The architecture and the encoding are unchanged from our 2D experiment. The geometry lives in the rendering pipeline, not in the model.
This split is conceptually important. Pre-NeRF "neural scene representations" tried to bake the geometry into the architecture (voxel-grid CNNs, scene-graph networks, etc.). NeRF kept the geometry simple (just ray casting) and put the representational power in the input encoding. The latter approach scales much better.
Generalisation Beyond NeRF
The Fourier-feature trick (and its descendants) appears across the neural-field literature:
SIREN (Sitzmann et al., 2020): sinusoidal activations everywhere, not just at the input. Achieves similar or better fidelity than Fourier features with end-to-end periodicity, but trickier to optimize.
Instant-NGP (Müller et al., 2022): replaces fixed Fourier features with a learnable multi-resolution hash encoding. Same core idea — replace raw coordinates with a richer representation — but with hash tables. Faster training, even higher fidelity.

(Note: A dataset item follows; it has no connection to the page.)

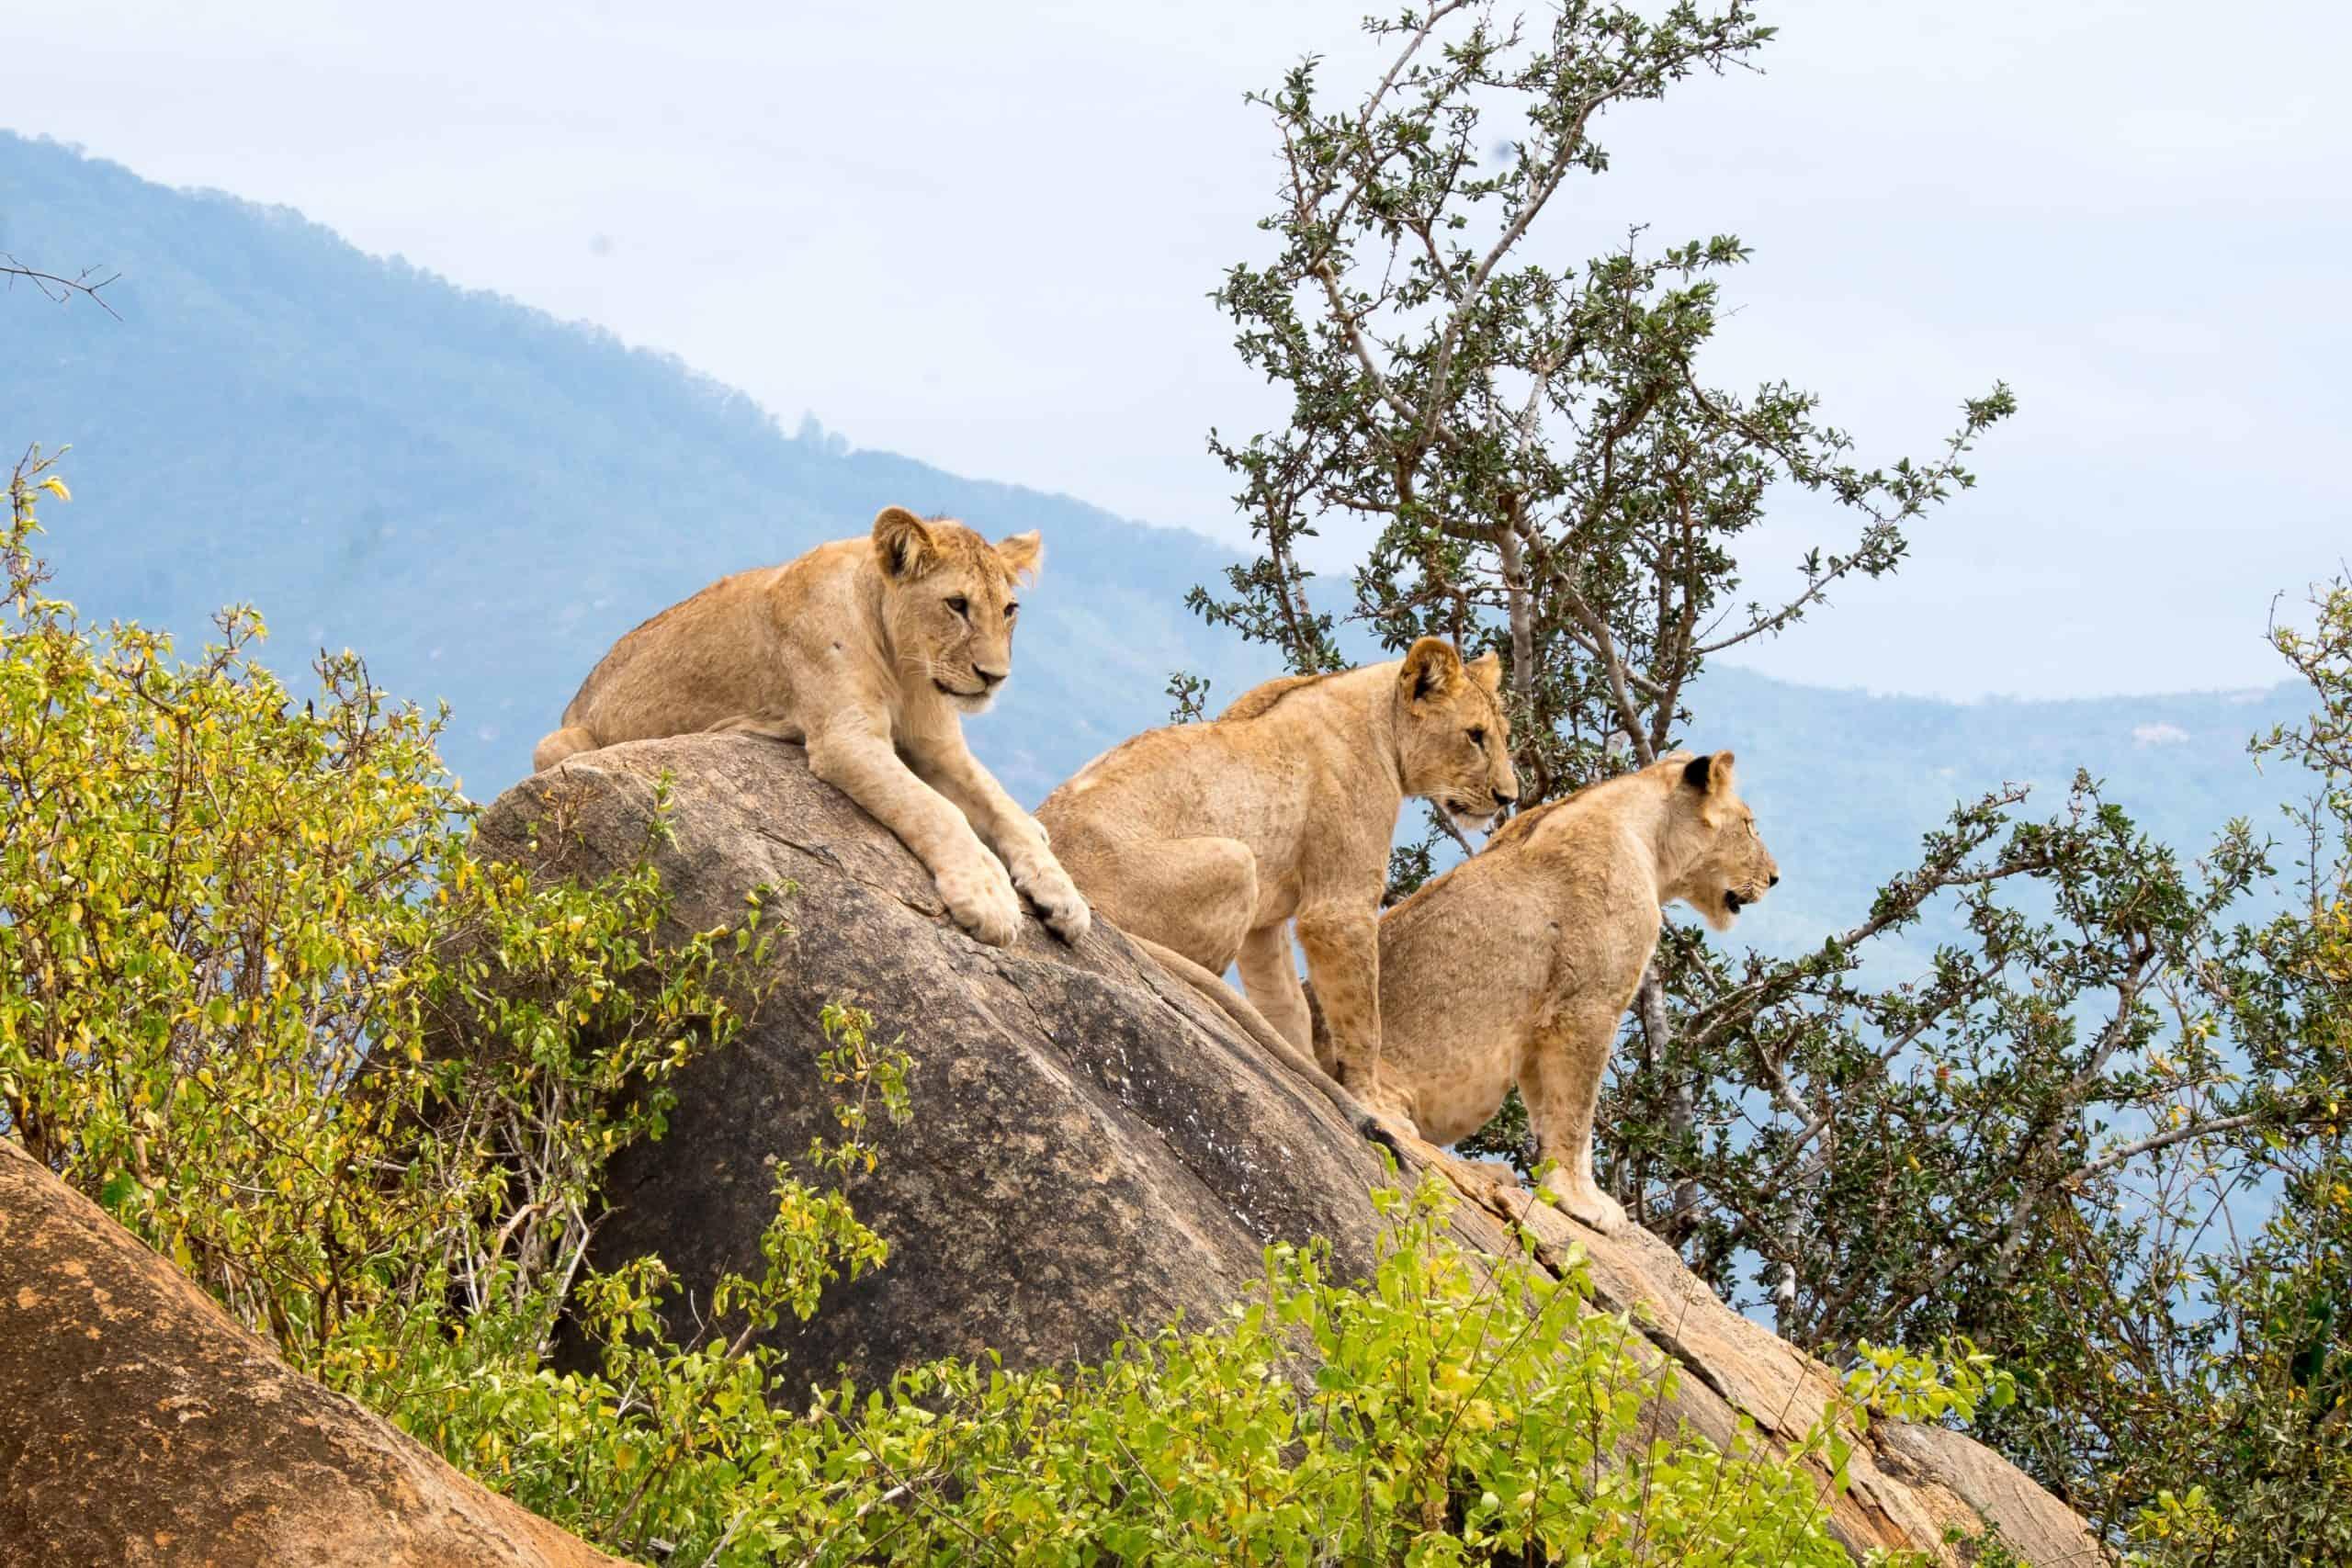 Burigi Chato Safaris Co. Ltd Serengeti Norongoro Safari Best Tour Agency Company Operator In Moshi Arusha Tanzania Africa) (40)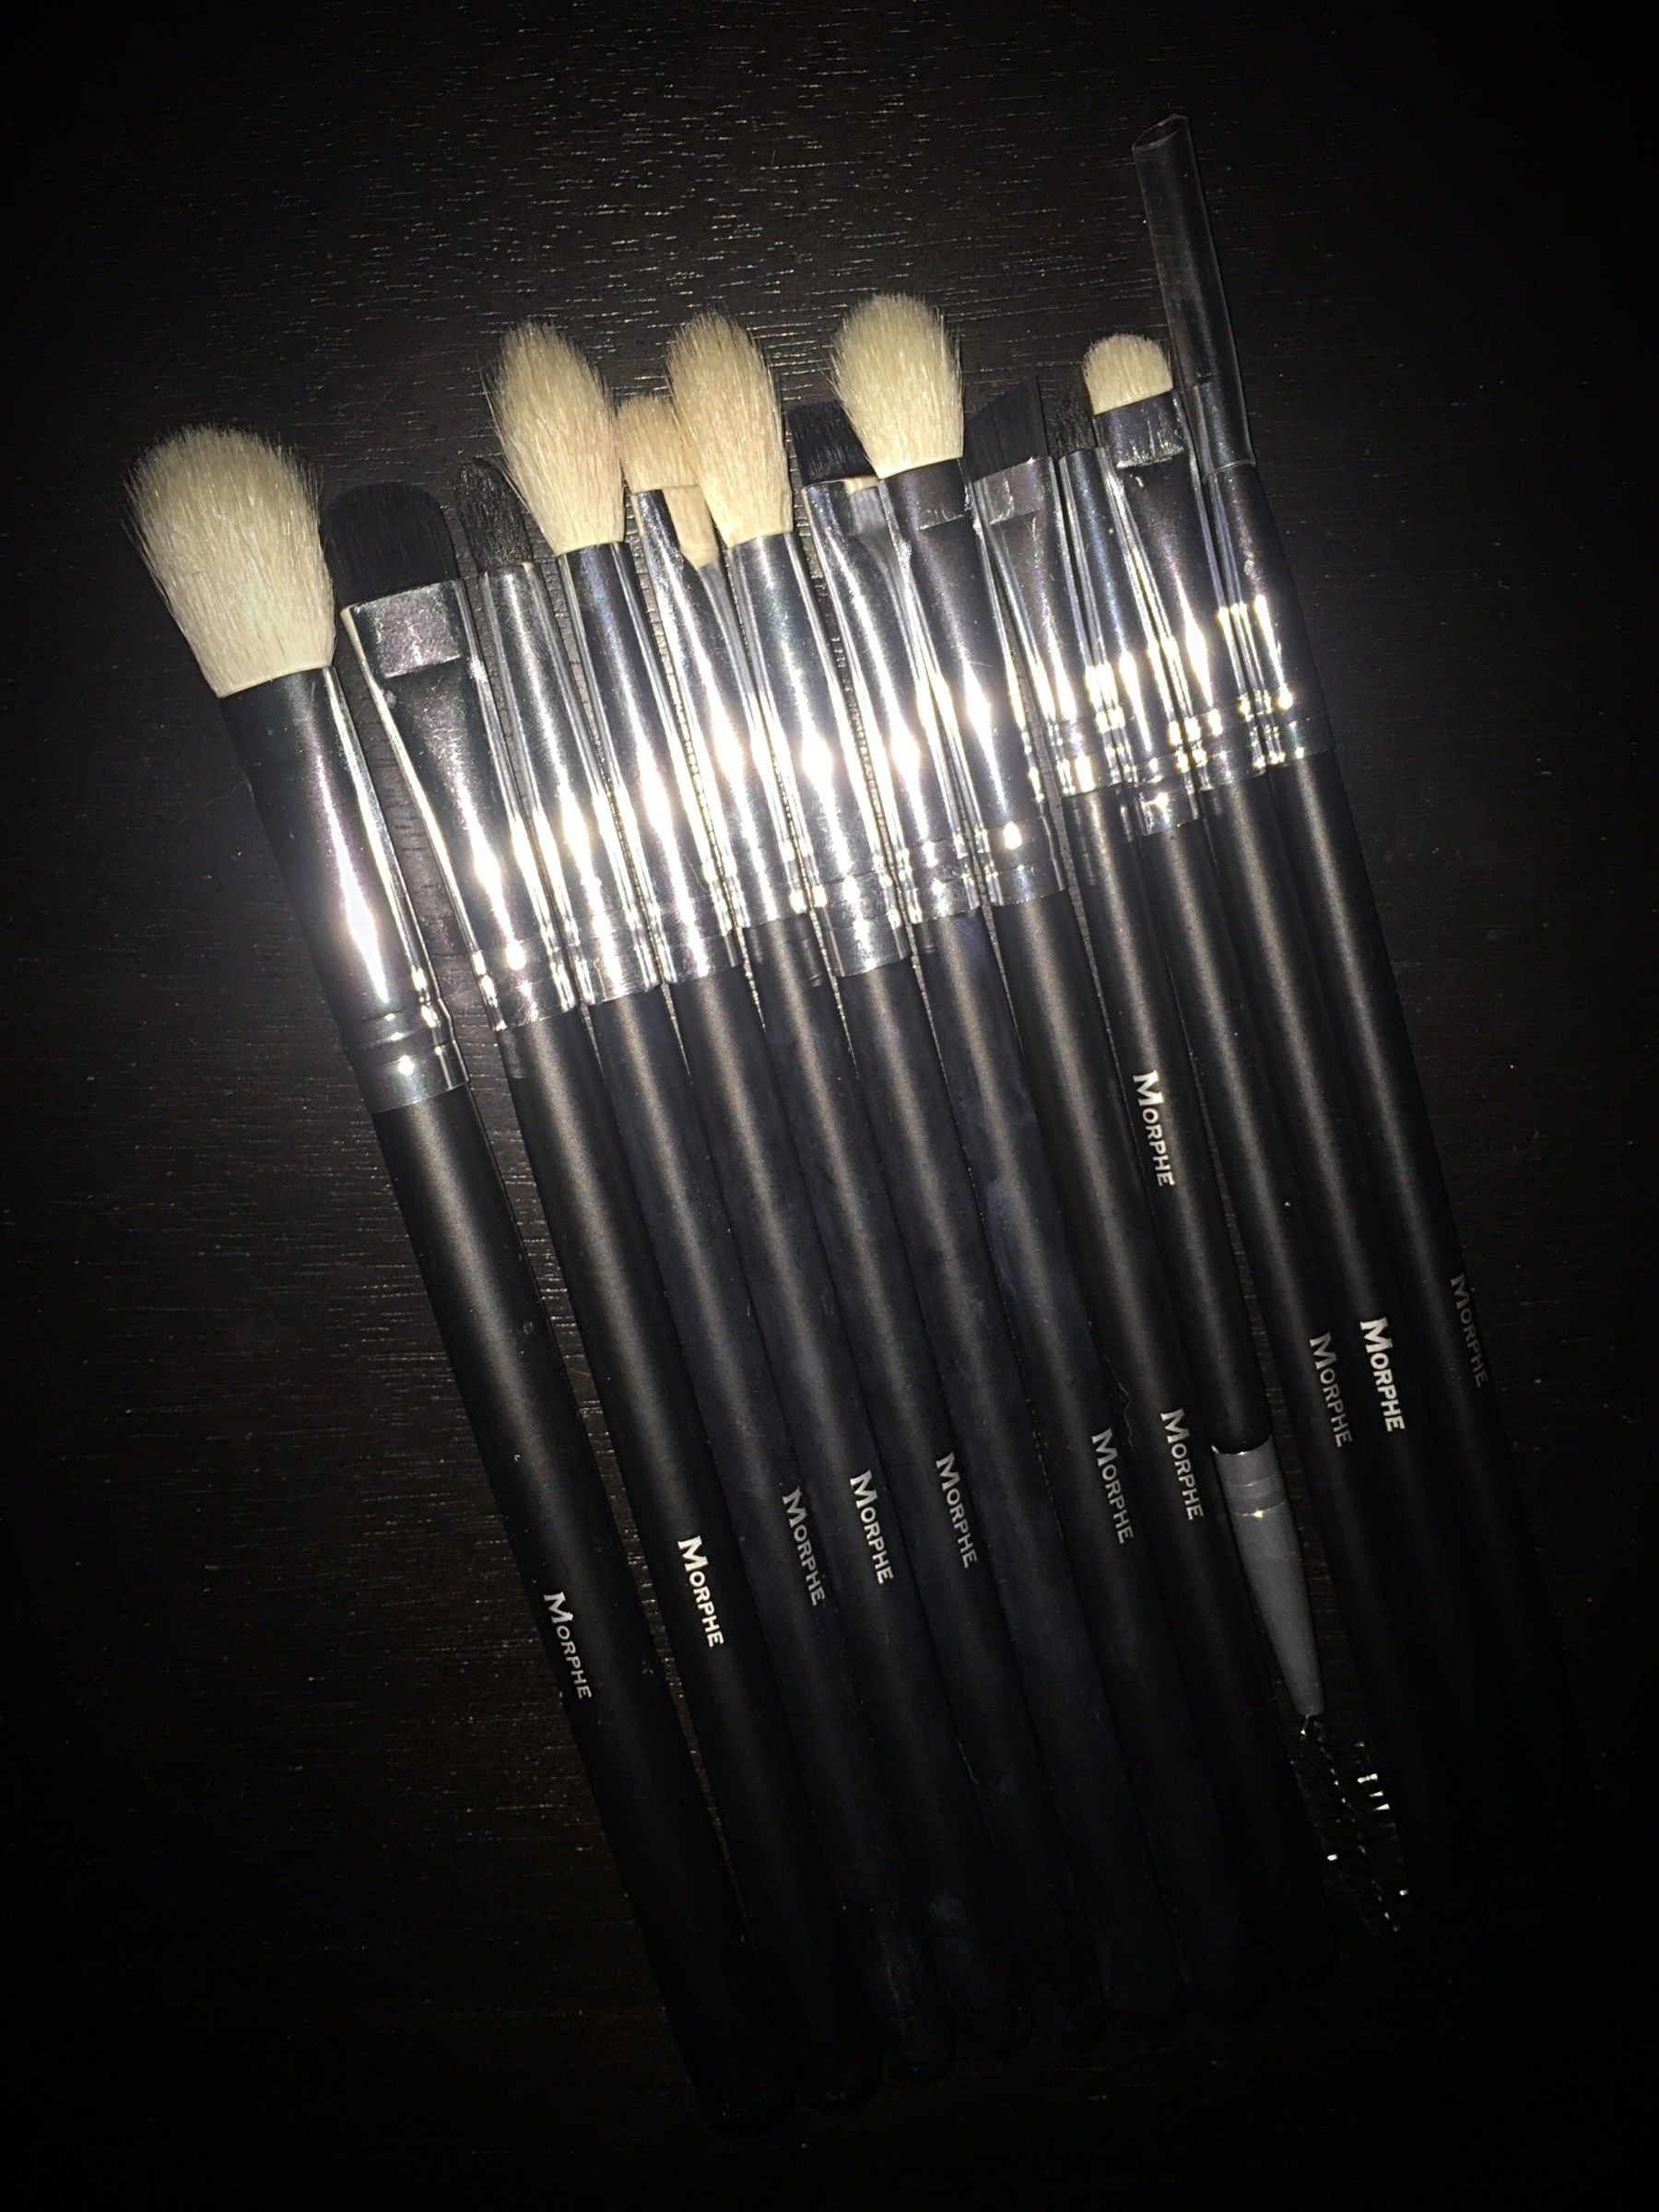 morphe eye brush set

Tri-Plane / Triplane encoding: represents a 3D scene as three 2D feature planes that the MLP samples from. Trades the simple Fourier-feature encoding for explicit spatial feature storage.
3D Gaussian Splatting (Kerbl et al., 2023): abandons the implicit neural field entirely. Represents the scene as a cloud of anisotropic 3D Gaussians, rendered by alpha-compositing. Trains in minutes, renders in milliseconds. But still descended from NeRF in spirit — the loss function is the same (rendered pixel vs ground truth).
The throughline: every successful follow-up to NeRF improved the input representation, not the MLP architecture. The MLP stayed a small fully-connected network. The encoding became fancier (hash tables, triplanes, explicit Gaussians). This is consistent with the broader thesis: architecture is rarely the bottleneck; input representation is.
What This Demonstrates
- Fourier feature encoding lifts coordinate MLPs out of the low-frequency-only regime imposed by spectral bias.
- On a $64 \times 64$ image-fit task, the encoding produces a $+10.64$ dB PSNR improvement (= $11.6\times$ lower MSE) with $8\%$ more parameters and the same training time.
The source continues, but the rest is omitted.